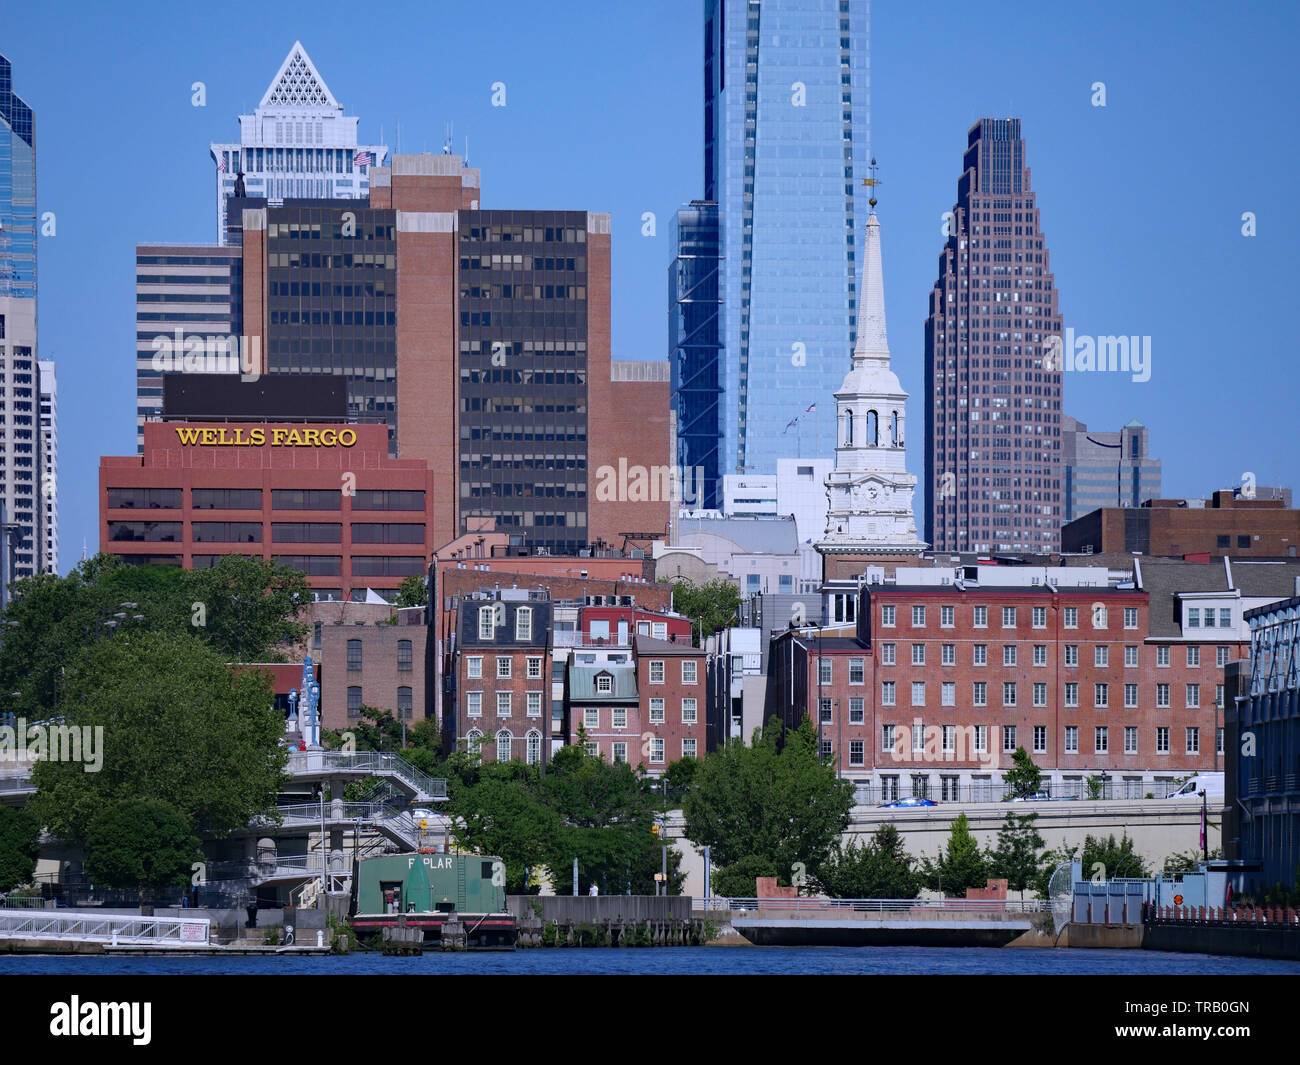 PHILADELPHIA - Mai 2019: A Waterfront Park in Camden, New Jersey, bietet einen schönen Blick auf die Skyline von Philadelphia über den Delaware River, einschließlich Stockfoto
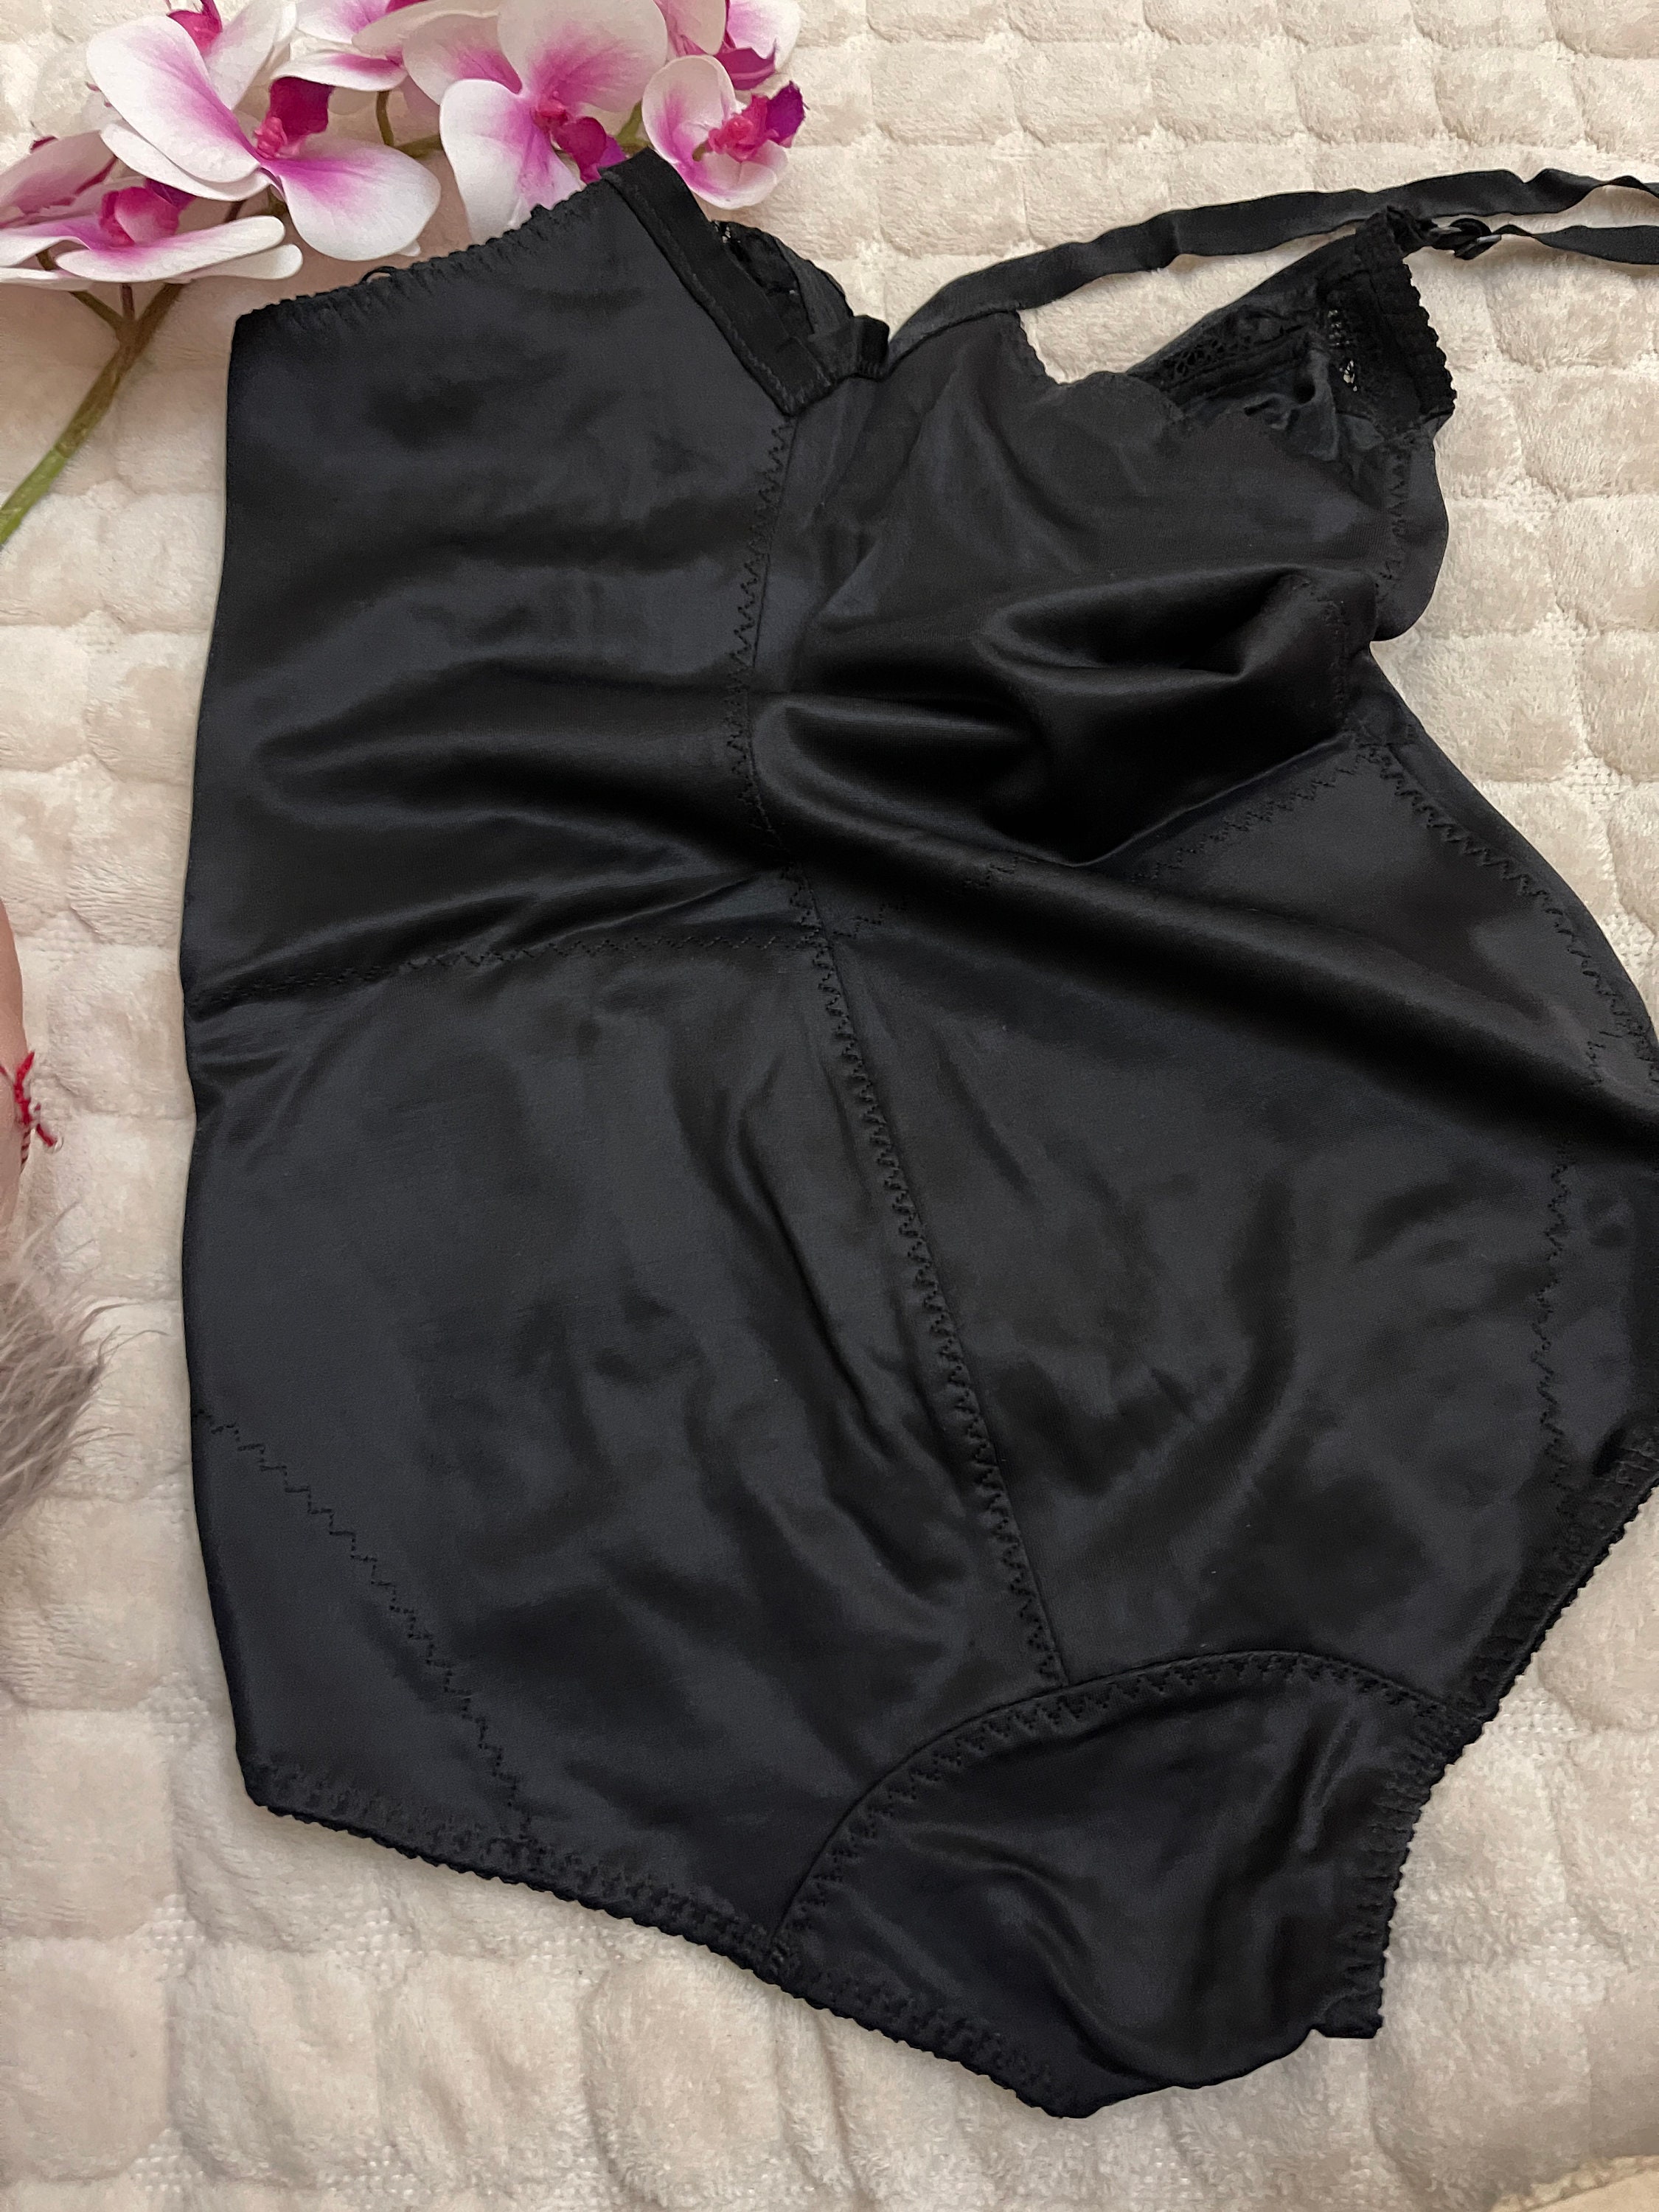 Lunaria black Bodysuit shapewear padded underwired size it6c | Etsy
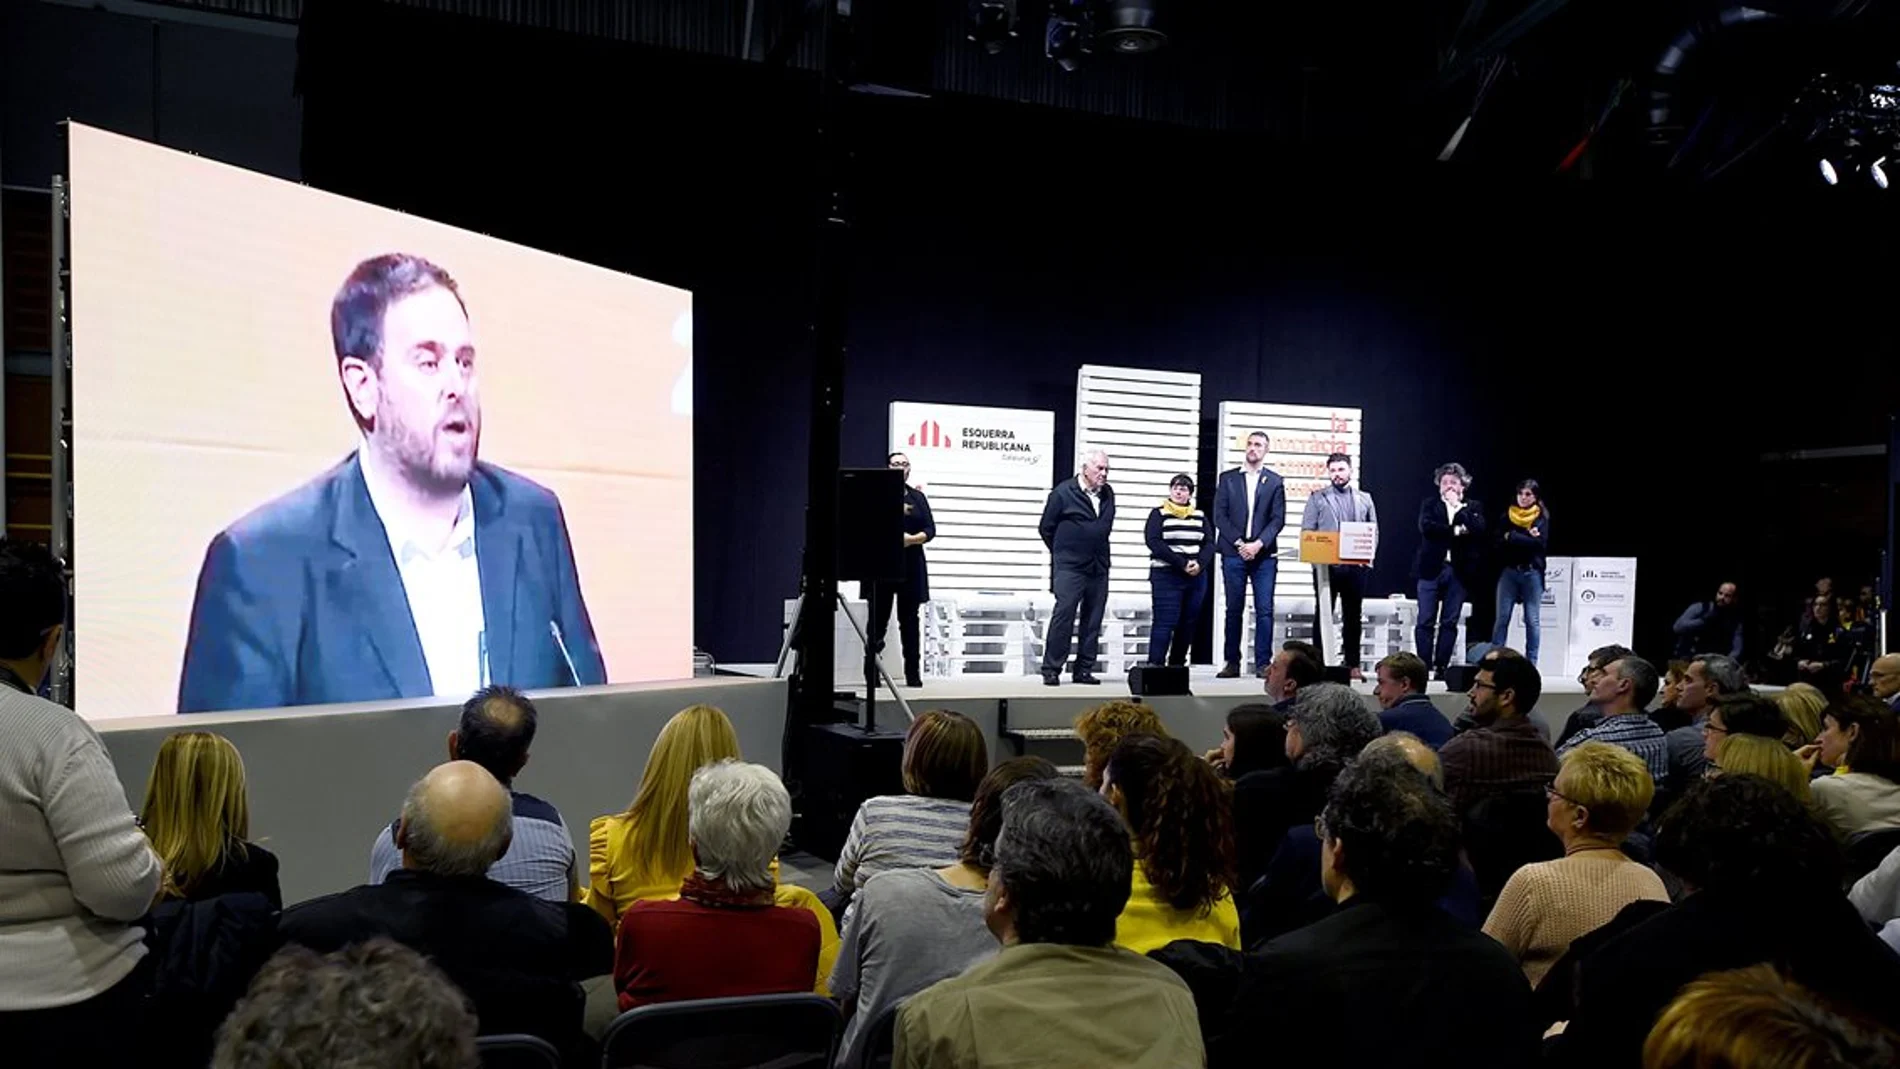 Proyección de un mensaje de Oriol Junqueras durante un acto electoral de ERC

ASSIGNMENT -> With images omitted, retype the data word for word.

ANSWER ->
 PHILADELPHIA - Mai 2019: A Waterfront Park in Camden, New Jersey, bietet einen schönen Blick auf die Skyline von Philadelphia über den Delaware River, einschließlich Stockfoto
 Lunaria black Bodysuit shapewear padded underwired size it6c | Etsy
 Proyección de un mensaje de Oriol Junqueras durante un acto electoral de ERC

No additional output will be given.